= Saturday Playhouse =

British TV drama series (1958–1961)

Saturday Playhouse is a sixty-minute British anthology television series produced by and airing on the British Broadcasting Corporation (BBC) from 4 January 1958 until 1 April 1961. There were sixty-eight episodes, among them adaptations of the plays The Man Who Came to Dinner and The Cat and the Canary. One of the episodes, Alex Atkinson’s classic thriller Design for Murder, was featured twice on the BBC: first on Saturday Playhouse (Saturday, 15 March 1958; S1/Ep.6) and again from the BBC's own theatre in Bristol (Thursday, 6 July 1961).

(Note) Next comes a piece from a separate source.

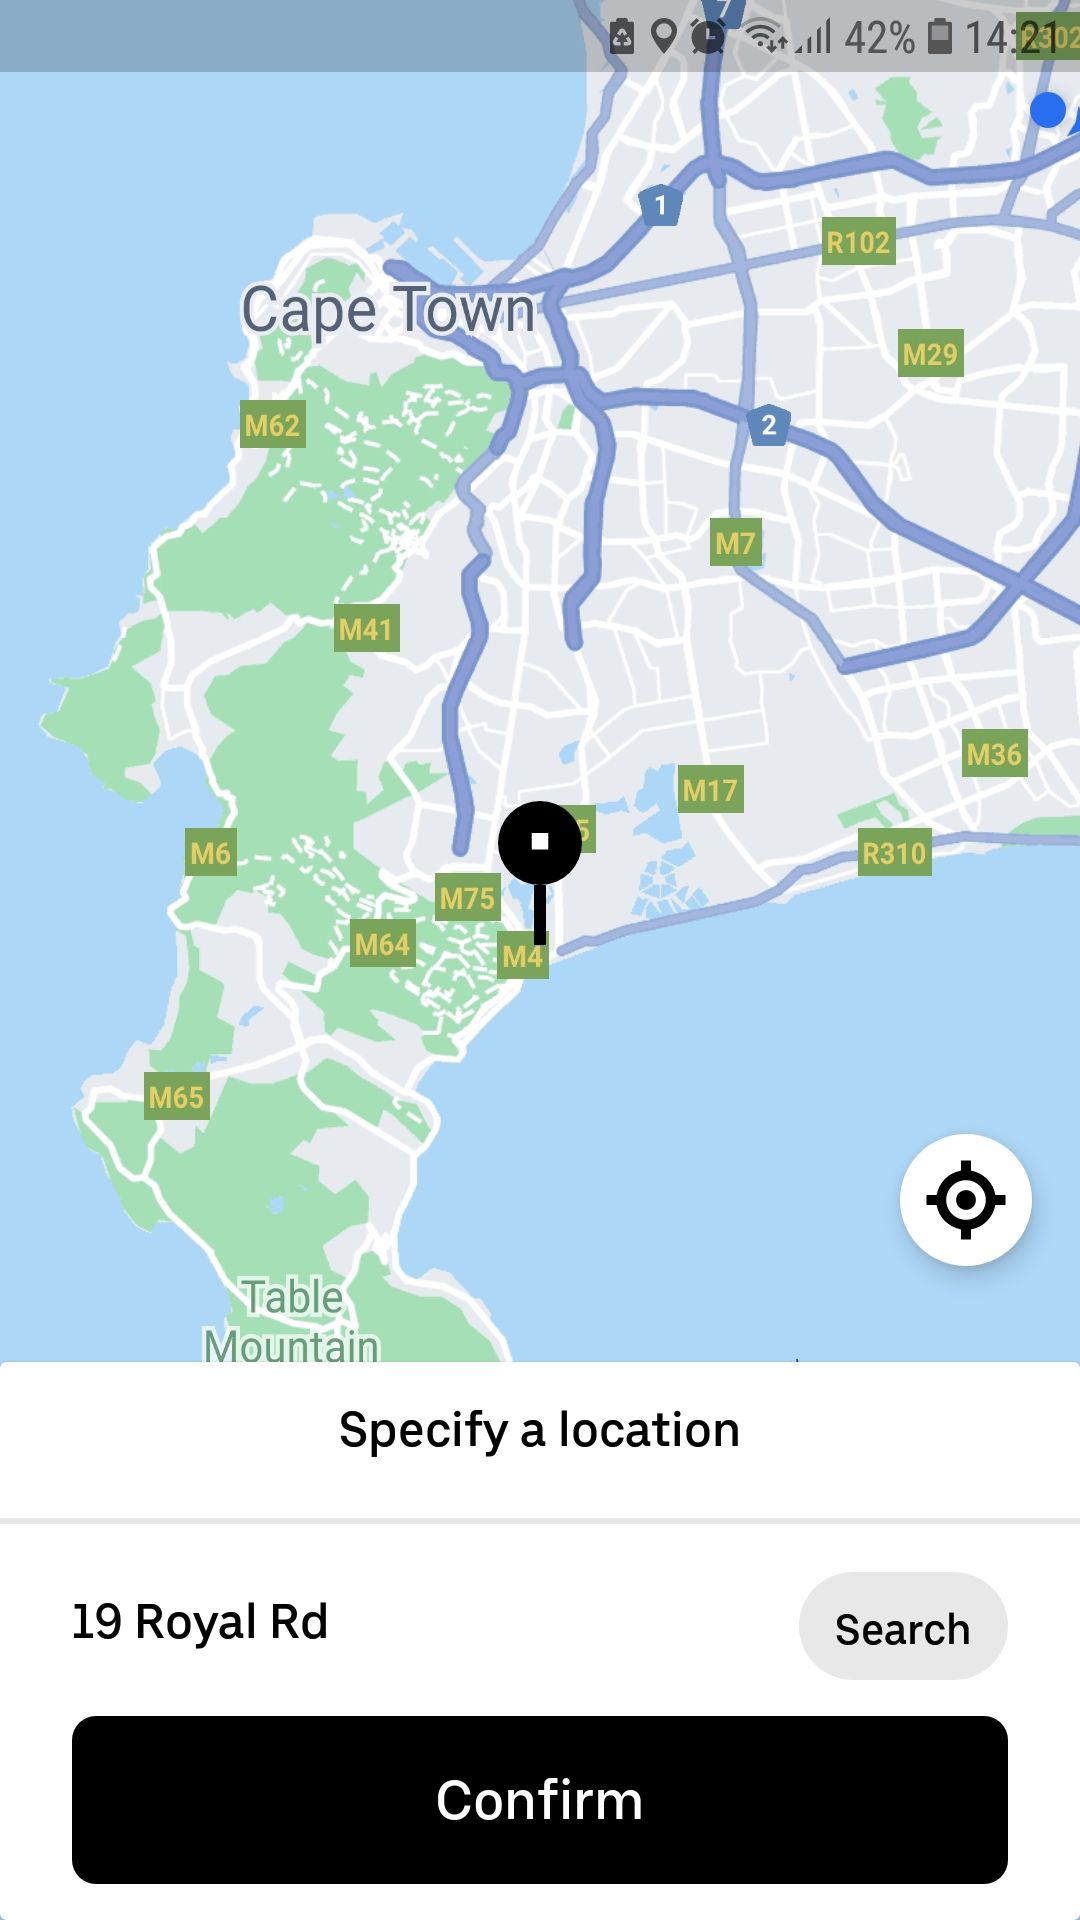 La aplicación móvil de Uber confirma la ubicación de entrega
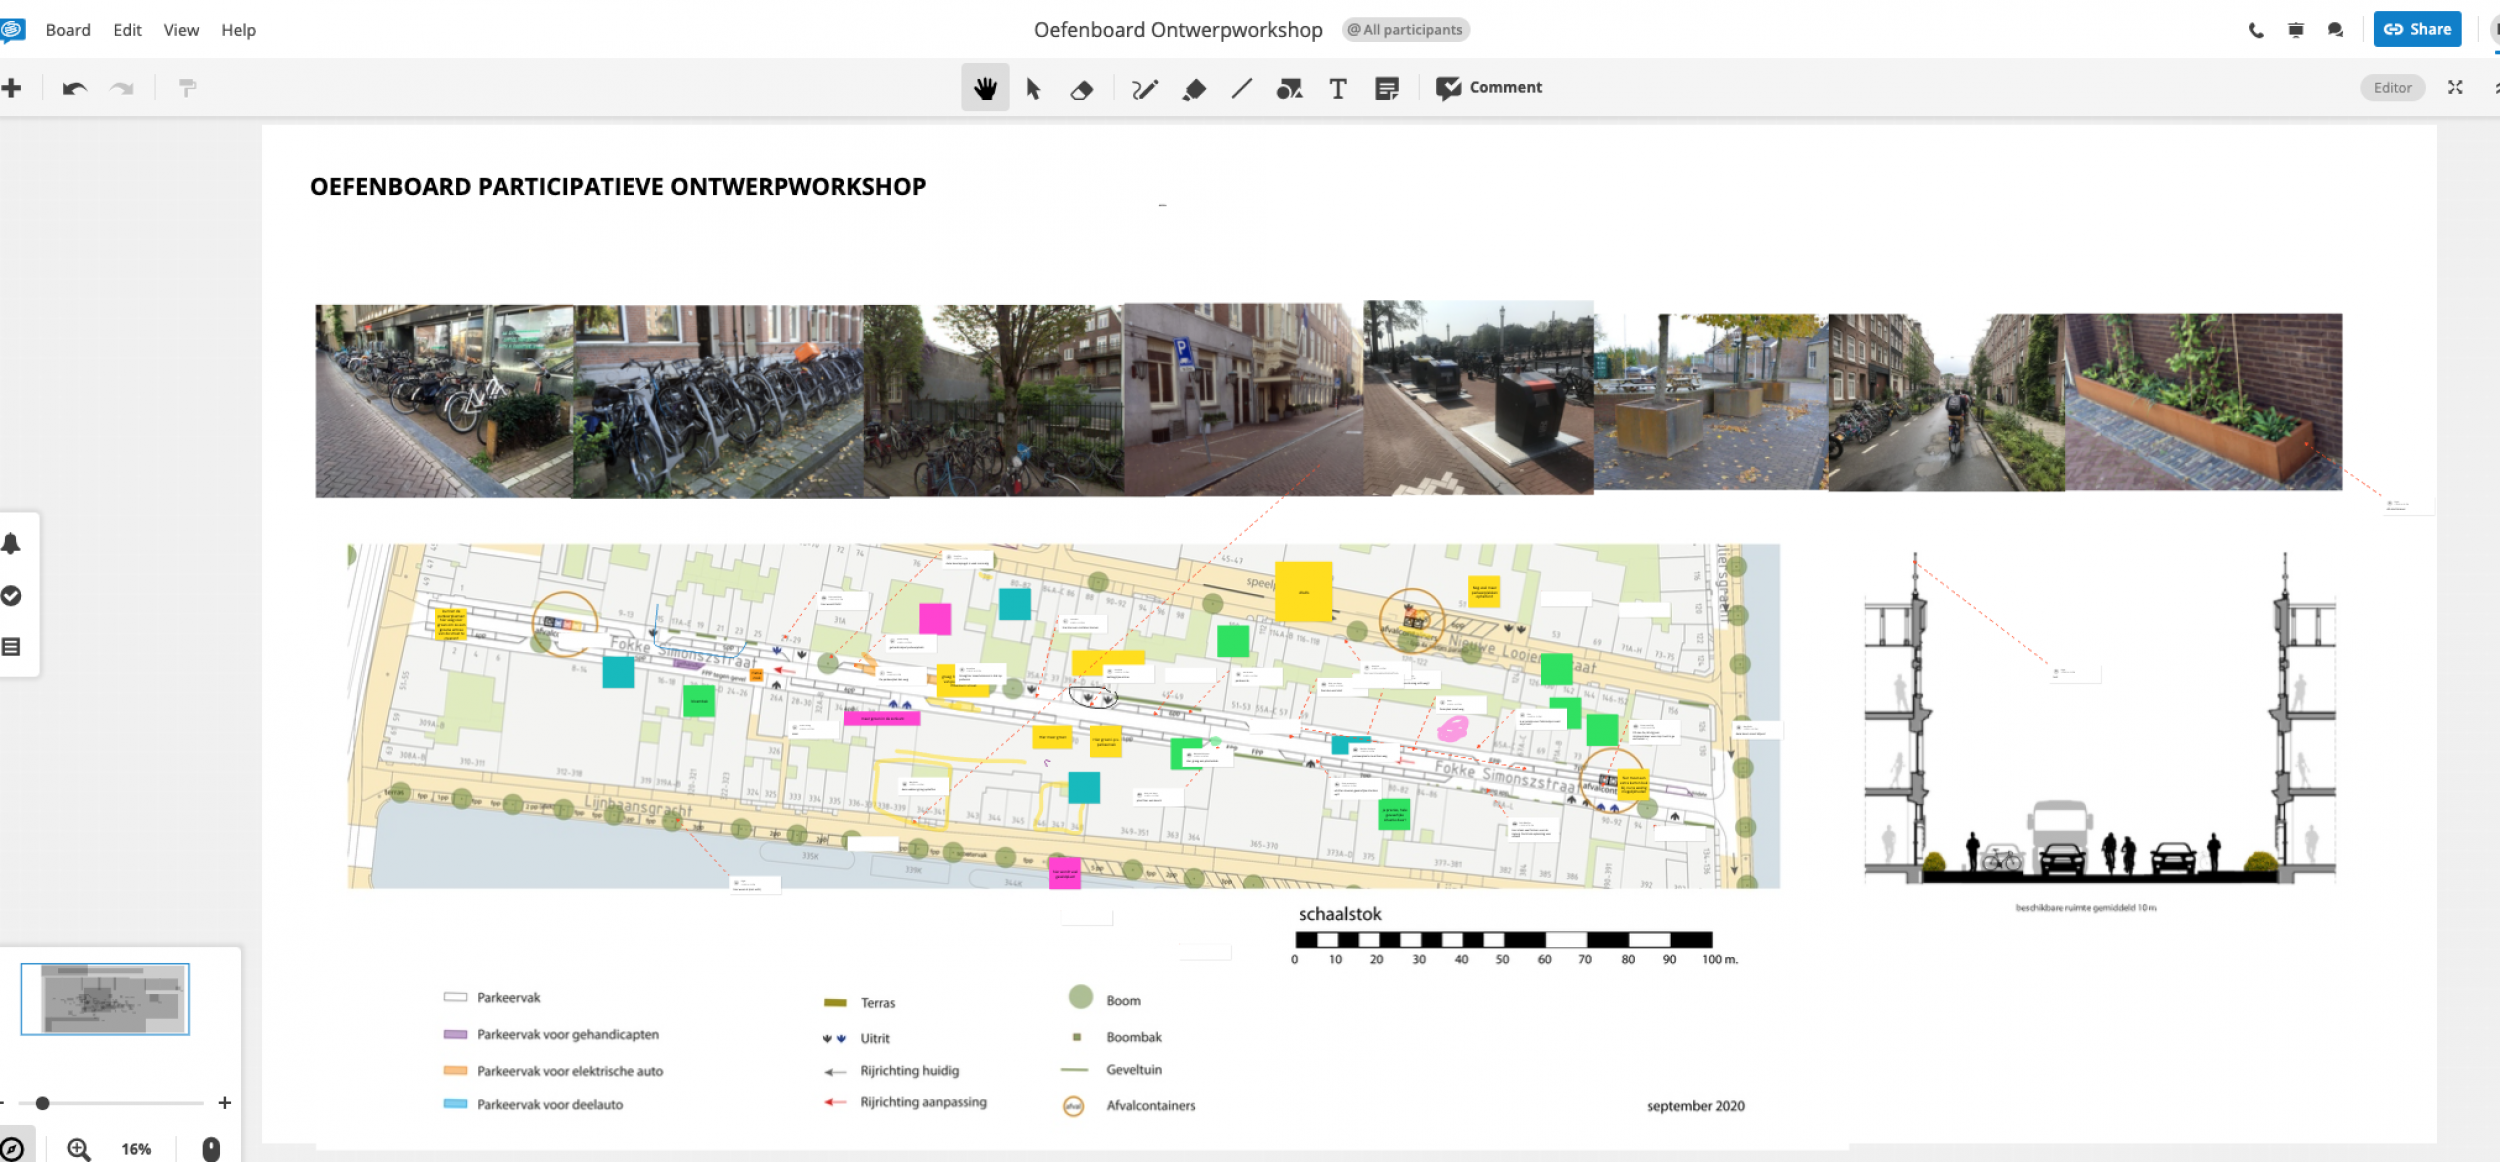 Digitale bewonersparticipatie bij ruimtelijk ontwerp.

Many actors performed for Saturday Playhouse, including:
Maxine Audley,
John Barrie,
Michael Bates,
Brian Blessed,
Jeremy Brett,
Michael Crawford,
Anton Diffring,
Paul Eddington,
Denholm Elliott,
Thora Hird,
Desmond Llewelyn,
Margaret Lockwood,
Leo McKern,
Bob Monkhouse,
Leslie Phillips,
Prunella Scales and
Elizabeth Shepherd, among others. Screenplays were written by a range of established and new writers, including Patrick Hamilton, Lynn Foster, Alun Richards and Mary Melwood.

Only a single episode is believed to have survived.